Henchmen 21 and 24 (The Venture Bros): With the exception of the ill-fated Speedy, each of the Monarch's henchman is known only to their boss as a number. Henchmen 21 and 24 (the former is known to his mom as Gary) are genre-savvy enough to be content with their numerical positions in the Fluttering Horde. When they learn their new teammate is Henchman 1, they rightly assess that he's marked for death.
84 (P.S. 238): In a school filled with superheroes, Julie Finster has a pretty routine set of superpowers: flight, invulnerability, speed. In fact, her power set is so ordinary that instead of getting a cool superhero name, she's just called "84," since she's the 84th person to possess that particular grouping of powers.
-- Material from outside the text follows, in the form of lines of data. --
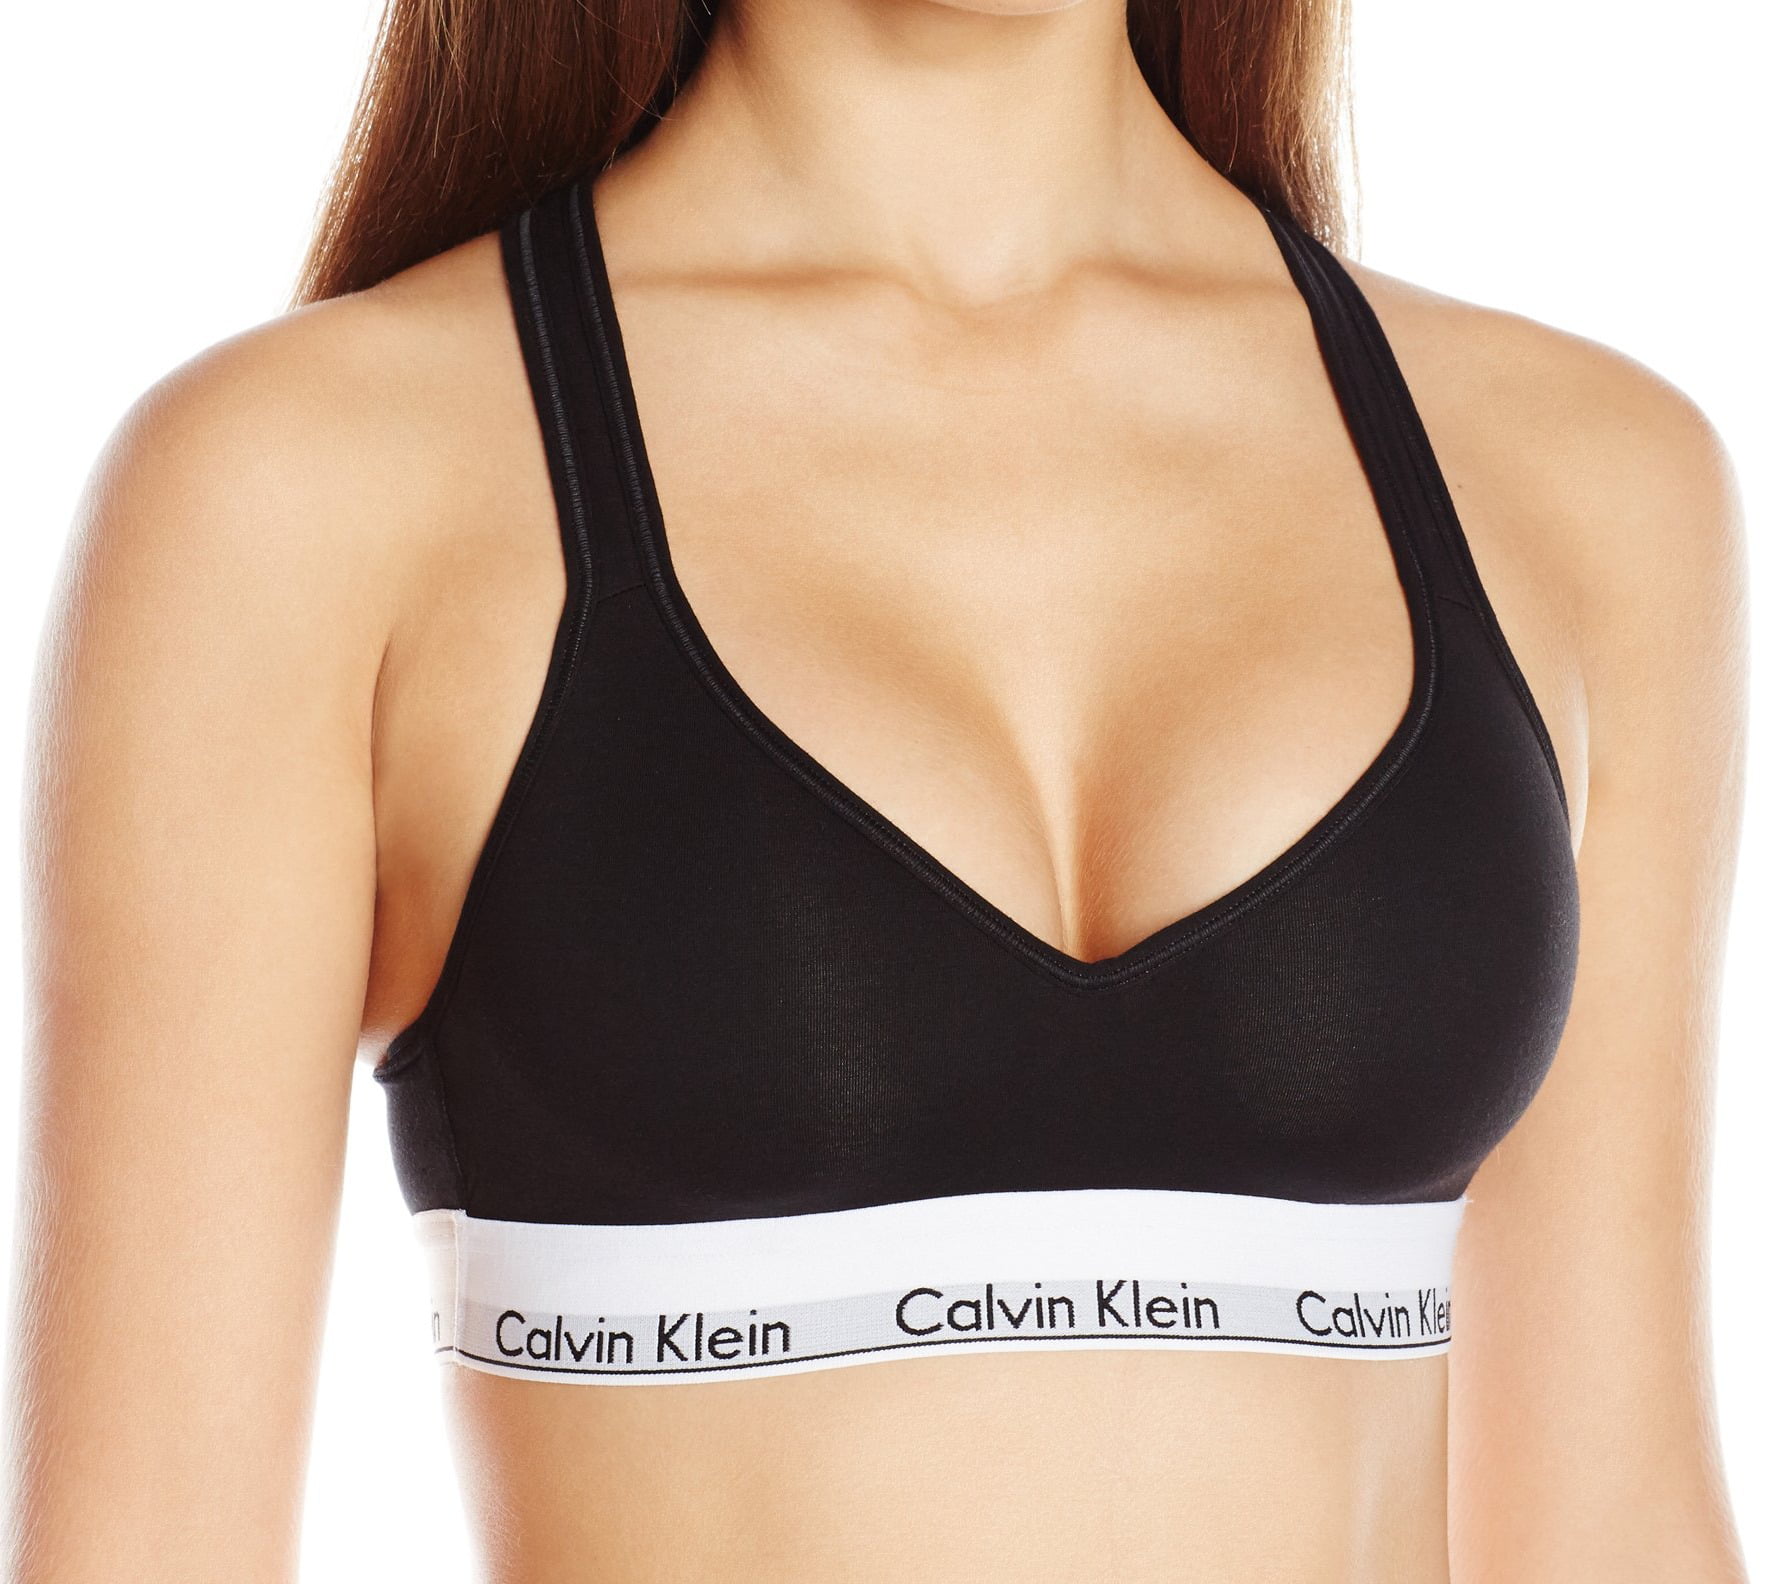 Clan Legende Nuchter Calvin Klein NEW Black Womens Size XS Crossover Lift Bralette Bra -  Walmart.com
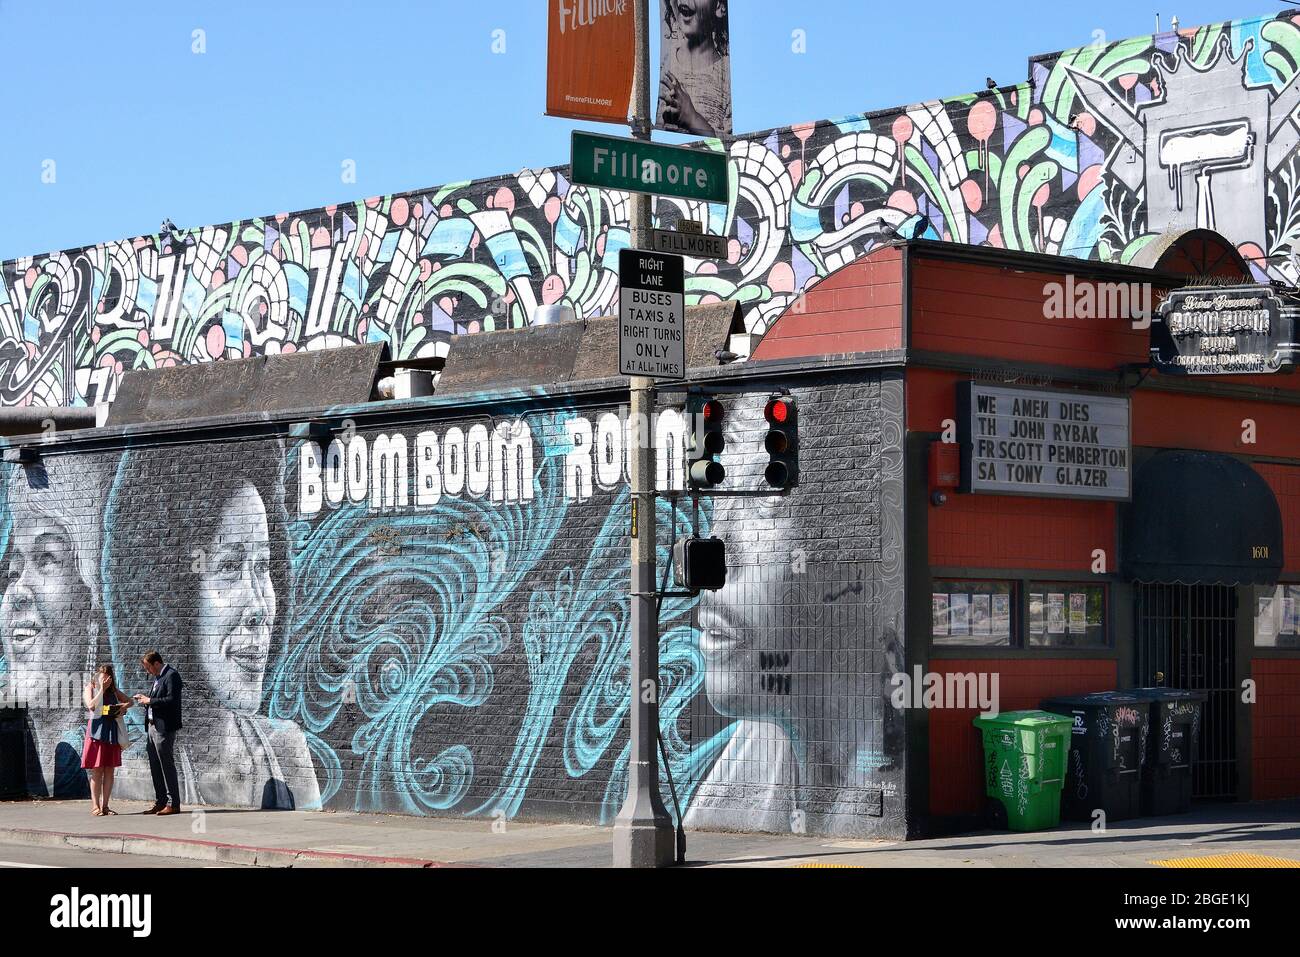 Passanten vor einem WandgemŠlde des Boom Boom Room im Stadtteil Fillmore, San Francisco, Kalifornien, USA Stock Photo
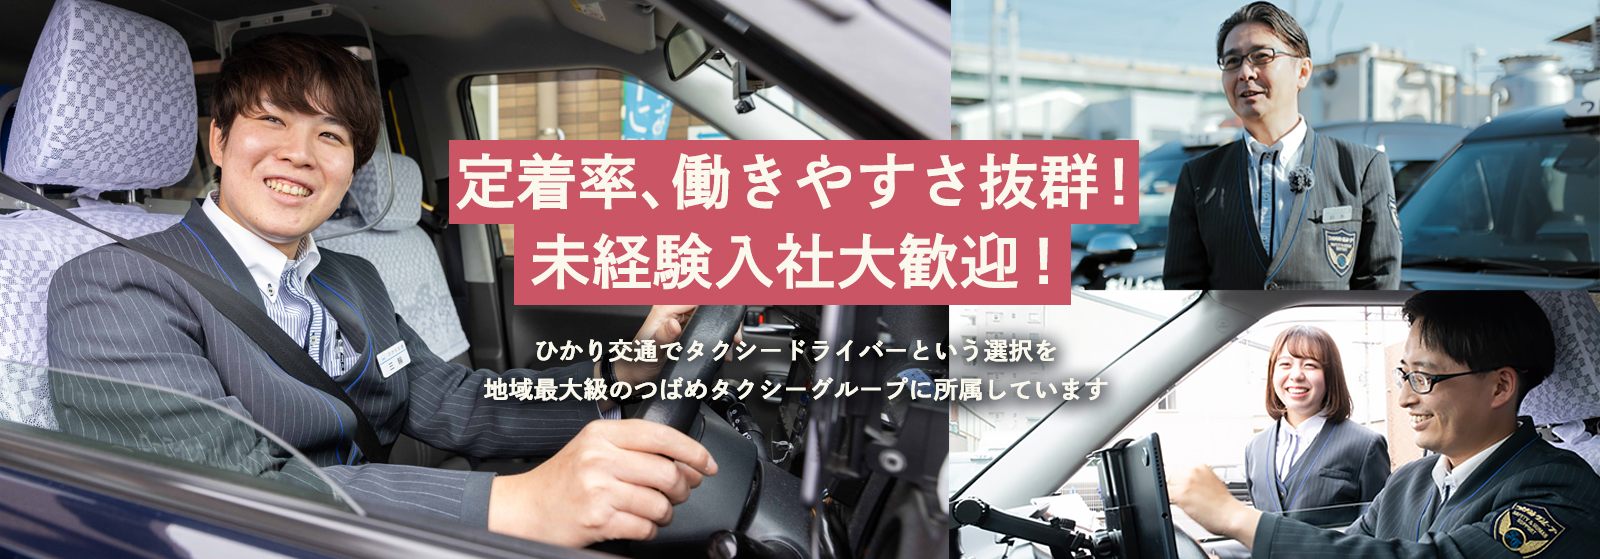 ひかり交通は働きやすさを追求する名古屋のタクシー会社です

Needless to say, it's a tad demoralizing.
Agent 99 (Get Smart): James Bond may have been called 007 from time to time, but Agent 99 takes use of her code number to the next level, never answering to any other moniker (okay, in one episode, her fiance calls her Susan Hilton, but that isn't actually her name). In fact, she married Maxwell Smart and bears him twins without him ever learning her real name, proving once and for all that she's the better spy.
Agent 355 (Y the Last Man): In the historical spy network known as the Culper Ring, there was a female agent code named 355, whose identity has never been definitively determined. Similarly, in the fictional Culper Ring of Y the Last Man, Agent 355 is a highly competent spy whose name is never revealed (at least not to the reader). Her odd relationship with her name parallels that of Alter Tse'elon, the Israel commando whose real first name is not spoken (until the end) for fear of attracting the Angel of Death.
Experiment 626 (Lilo and Stitch): The alien mad scientist Dr. Jumba Jookiba created 626 strange and dangerous lifeforms. The wanton destruction caused by the final experiment, 626, condemns them both to life in exile, but the experiment escapes to Earth, where a young Hawaiian girl names him "Stitch." Of course, once Stitch's destructive nature has been reigned in, there are still 625 other experiments to contend with.
1812 (Farscape): In terms of numbered names, the DRD robot 1812 gets his from a fairly unusual source. Instead of 1812 being a serial number or a numbered designation, it's a reference to the 1812 Overture, which Crichton teaches the little service bot to play.
Subject 781227 (Kyle XY): Zzyzx, the company funding Adam Baylin's research, saw the child-shaped being Adam Baylin developed in his lab as a biological computer rather than a person, reflected in him getting a serial number in lieu of a name. It's only after 16 years, an escape, and a bout of amnesia that Subject 781227 finally gets a name: Kyle Trager.